President Abraham Lincoln: Election and First Term

About the election and first term of President Abraham Lincoln in the United States, South Carolina seceeds and the Civil War begins.

PRESIDENCY

Election: November 6, 1860 . . .

Even before the general election campaign was fairly under way, Lincoln's victory was a foregone conclusion. The Democratic party was hopelessly split. When Northern Democrats persisted in their intention to nominate Stephen Douglas, the Southern proslavery wing of the party, which distrusted Douglas because of his equivocal position, pulled out to nominate their own candidate: Vice-President John C. Breckinridge of Kentucky.
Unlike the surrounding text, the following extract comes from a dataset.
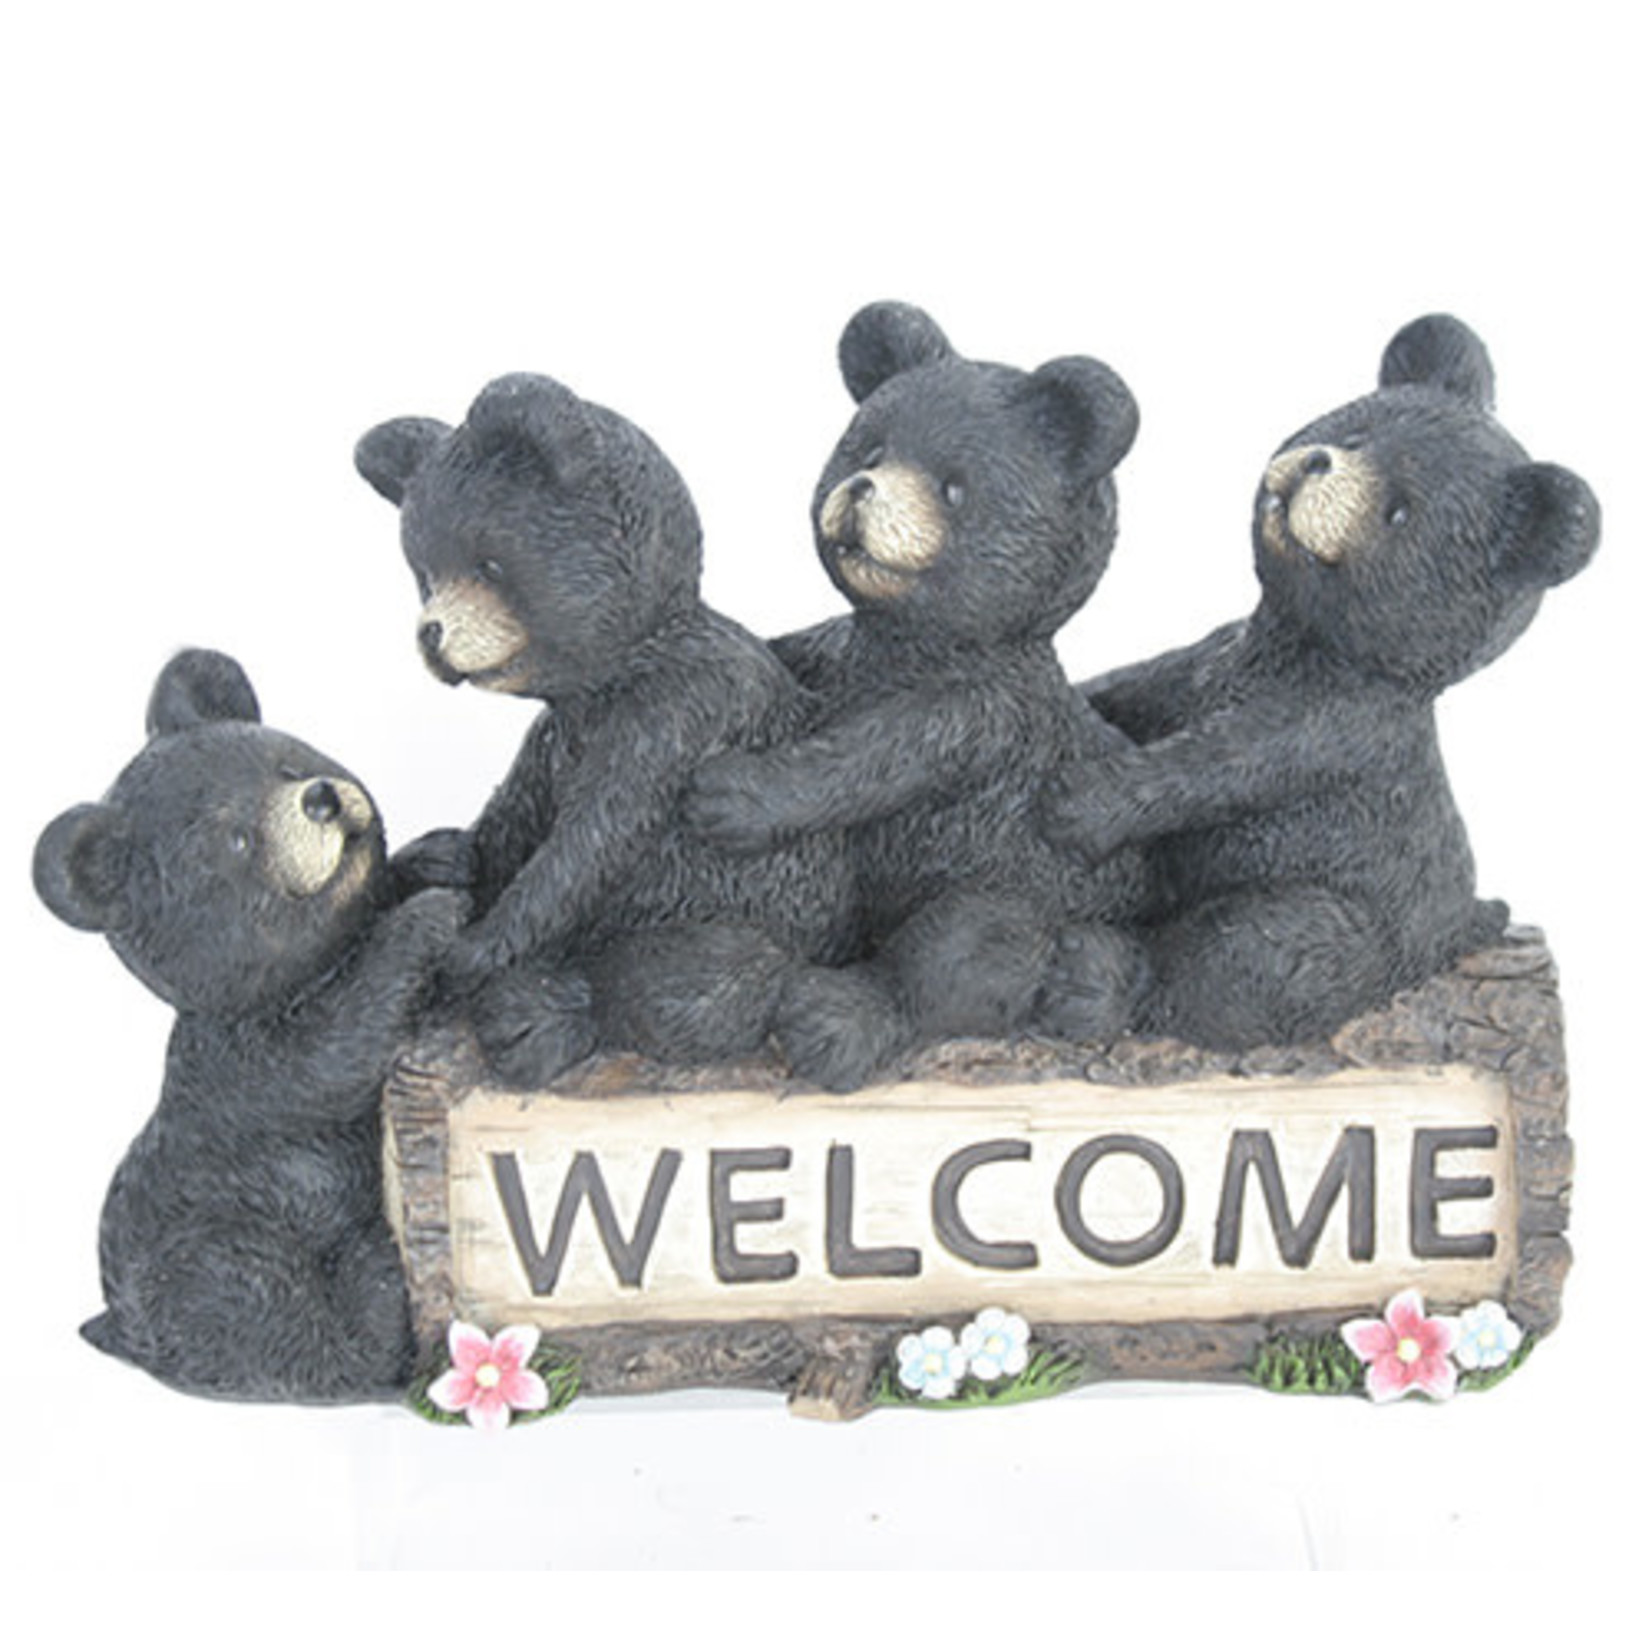 Bears sittting on welcome

The situation was further complicated by the presence of a 4th party--the Constitutional Unionists, represented by a distinguished ticket featuring John Bell of Tennessee and Edward Everett of Massachusetts. The Bell campaign was a last forlorn attempt to breath new life into the remnants of the old Whig party, and to avoid civil war by a renewed drive for sectional compromise. Except for the nervous border States, which seemed to have the most to lose from sectional conflict, the Constitutional Union party attracted little support. Throughout the campaign, Southerners announced that if Lincoln were elected they would secede from the Union, even while their continued support for Breckinridge made Lincoln's victory inevitable.

The final outcome of this 4-way contest offered few surprises. Lincoln won with only 39.8% of the vote (1,865,593), but carried all 18 of the Northern States for an electoral vote of 180, a comfortable majority.

Douglas finished 2nd in the popular balloting with 29.5% (1,382,713) but despite his vigorous campaign, he carried only Missouri and 3 out of 7 New Jersey electors, for a total of 12 electoral votes.

Breckinridge swept the Solid South for 72 electoral votes, but won only 18% of the popular vote; Bell carried Tennessee, Kentucky, and Virginia for a total of 39 electoral votes, and only 12.6% of the national popular ballots.

As soon as Lincoln was formally elected, the South began to make good on its promises to secede, as South Carolina led the other Southern States out of the Union.

First Term: March 4, 1861 . . .

The mood of the capital was tense as Lincoln was sworn in by Chief Justice Roger B. Taney. Seven Southern States had already seceded from the Union and for the 1st time the new President's military escort was used as much for protection as for show. In his inaugural address, Lincoln assured the Southerners: "The Government will not assail you. You have no conflict without being yourselves the aggressors." Within 5 weeks, he had expertly manipulated the situation of South Carolina's Fort Sumter so as to trap the Confederacy into firing the 1st shots of the Civil War. Northern public opinion, which had been bitterly divided before the attack on Sumter, was immediately crystallized behind Lincoln's "War for the Union."